Today, we’re excited to announce that Mistral-Small-24B-Instruct-2501—a twenty-four billion parameter large language model (LLM) from Mistral AI that’s optimized for low latency text generation tasks—is available for customers through Amazon SageMaker JumpStart and Amazon Bedrock Marketplace. Amazon Bedrock Marketplace is a new capability in Amazon Bedrock that developers can use to discover, test, and use over 100 popular, emerging, and specialized foundation models (FMs) alongside the current selection of industry-leading models in Amazon Bedrock. These models are in addition to the industry-leading models that are already available on Amazon Bedrock. You can also use this model with SageMaker JumpStart, a machine learning (ML) hub that provides access to algorithms and models that can be deployed with one click for running inference. In this post, we walk through how to discover, deploy, and use Mistral-Small-24B-Instruct-2501.

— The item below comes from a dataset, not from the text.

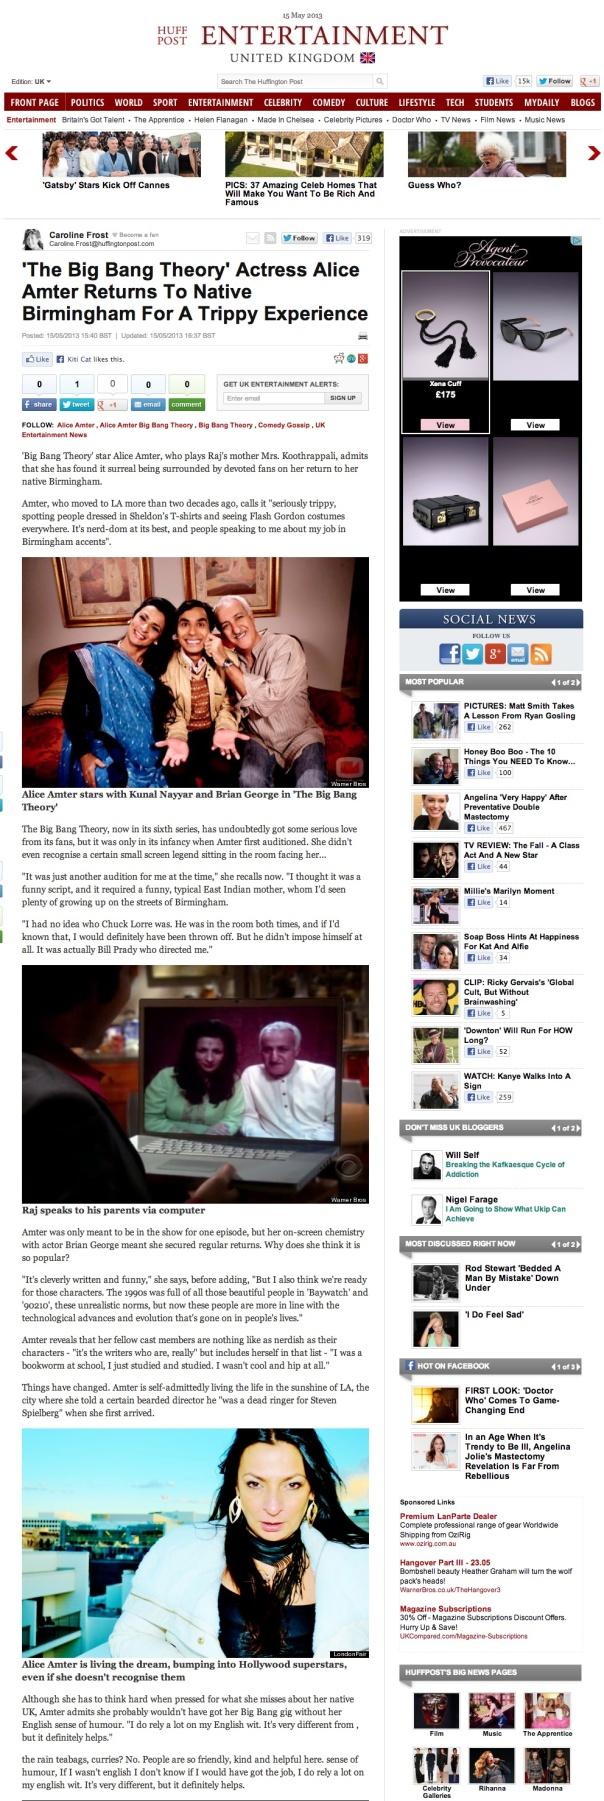 AA- The Huffington Post May 13

Overview of Mistral Small 3 (2501)

Mistral Small 3 (2501), a latency-optimized 24B-parameter model released under Apache 2.0 maintains a balance between performance and computational efficiency. Mistral offers both the pretrained (Mistral-Small-24B-Base-2501) and instruction-tuned (Mistral-Small-24B-Instruct-2501) checkpoints of the model under Apache 2.0. Mistral Small 3 (2501) features a 32 k token context window. According to Mistral, the model demonstrates strong performance in code, math, general knowledge, and instruction following compared to its peers. Mistral Small 3 (2501) is designed for the 80% of generative AI tasks that require robust language and instruction following performance with very low latency. The instruction-tuning process is focused on improving the model’s ability to follow complex directions, maintain coherent conversations, and generate accurate, context-aware responses. The 2501 version follows previous iterations (Mistral-Small-2409 and Mistral-Small-2402) released in 2024, incorporating improvements in instruction-following and reliability. Currently, the instruct version of this model, Mistral-Small-24B-Instruct-2501 is available for customers to deploy and use on SageMaker JumpStart and Bedrock Marketplace.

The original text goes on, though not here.